In a medical malpractice lawsuit in New York, we are required to show to the jury that we are more likely right than wrong that the injuries you received were a result of improper medical care. Legally, that is known as the “burden of proof.”

In technical terms that is also known as a “preponderance of evidence.”

There is a key strategy about why we call to the witness stand the doctor you are suing as our first witness.

Some people might think it would be easier for jury to understand what happened if the injured victim went up first and told his or her story about what happened. This can work, but is not as effective as when the doctor takes the witness stand.

Here's why.

When I call a doctor to the witness stand, my goal is to have him explain to the jury exactly what problem you have, what problems you presented with, what examinations and tests he performed and what his plan of action was for the future.

This gives the jury a concise, clear understanding of what happened from the physician's perspective.
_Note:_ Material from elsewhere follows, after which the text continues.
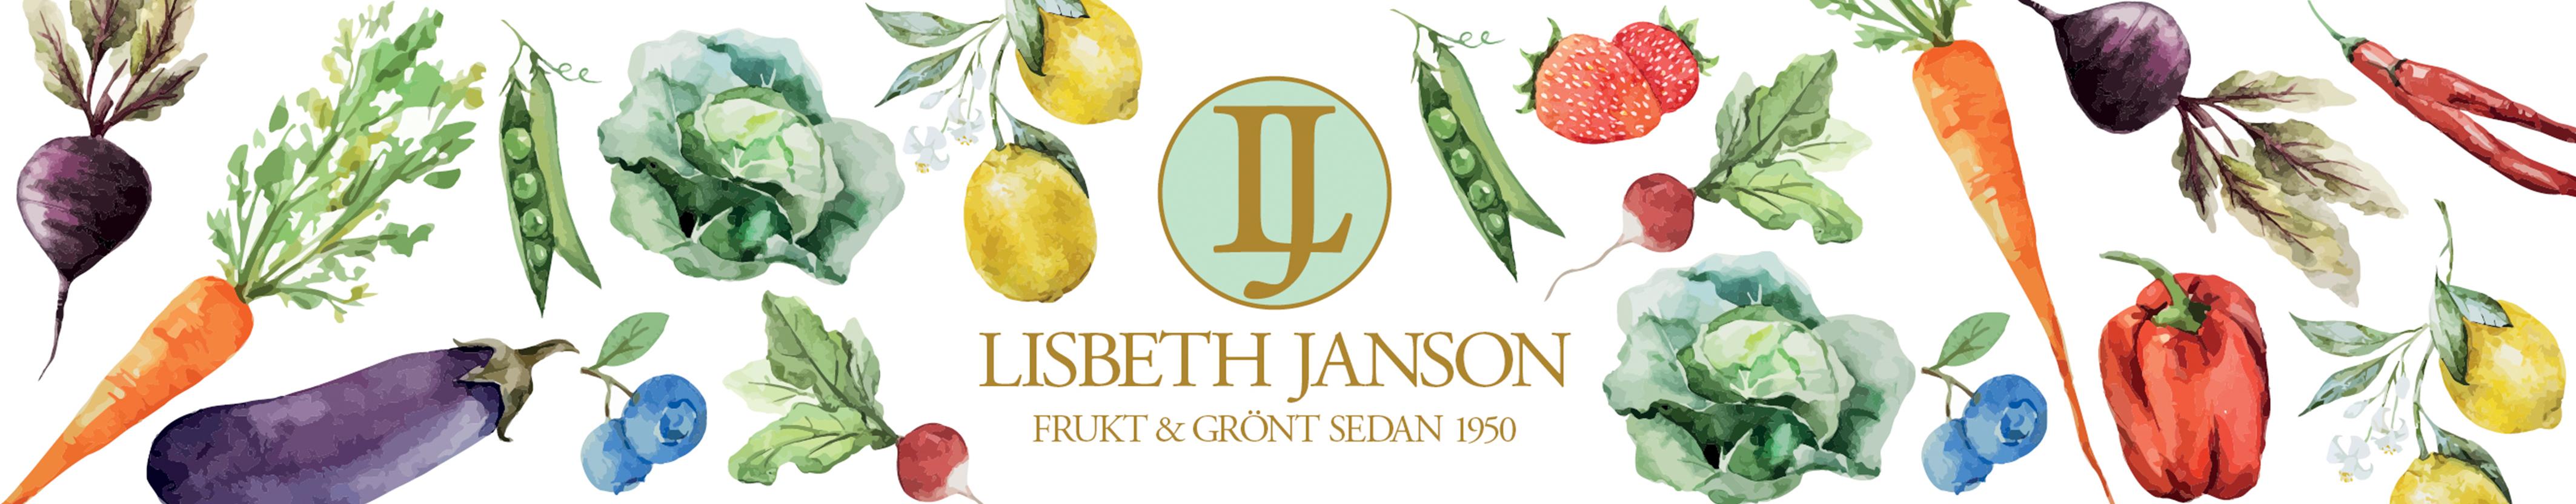 Lisbeth Janson Frukt & Grönt -
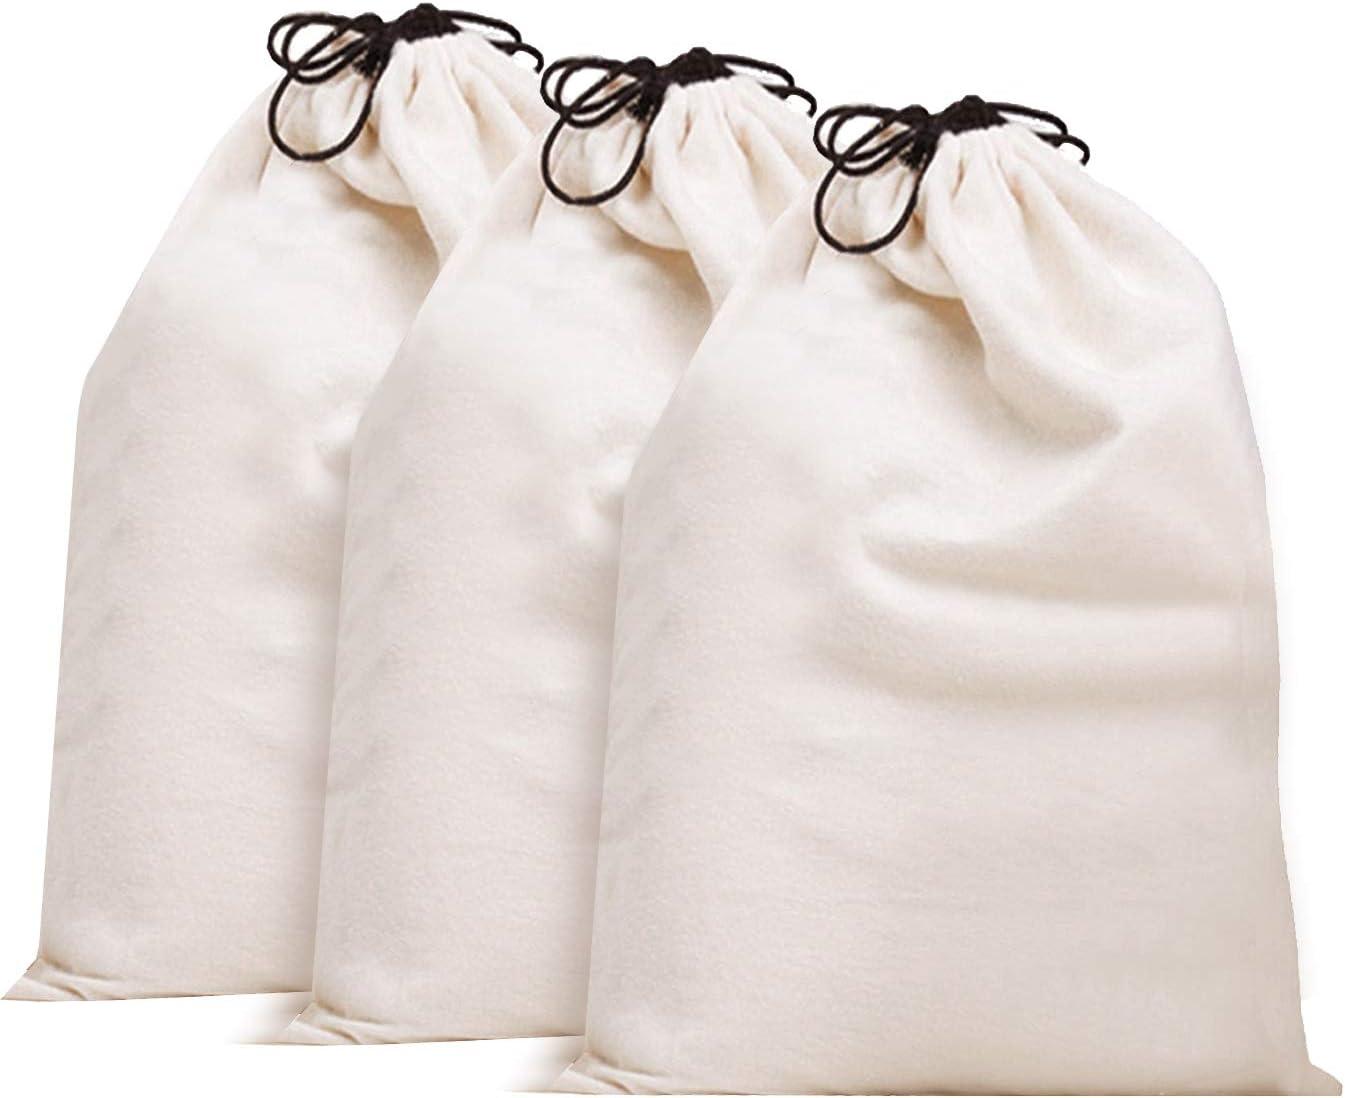 Misslo Cotton Breathable Dust-proof Drawstring Storage Pouch Bag (Pack 3 L)

Later on, I will certainly put the injured victim on the witness stand to fill in the blanks and to give full color images of what exactly happened from their perspective.

However, by putting your treating doctor on the witness stand first, I can then have him introduce his own medical records into evidence and then any other medical expert who gets up to testify will now be basing their decisions upon records that are already in evidence along with the testimony of the original treating doctor.

Also, by calling the doctor you are suing, I have the ability to show to the jury that there are certain established guidelines that the doctor is required to follow when treating and evaluating your particular problem.

I am permitted to ask the doctor medical opinion questions and have him establish what those guidelines were at that time. I am then permitted to ask him questions about whether he deviated or departed from those good and accepted medical practices.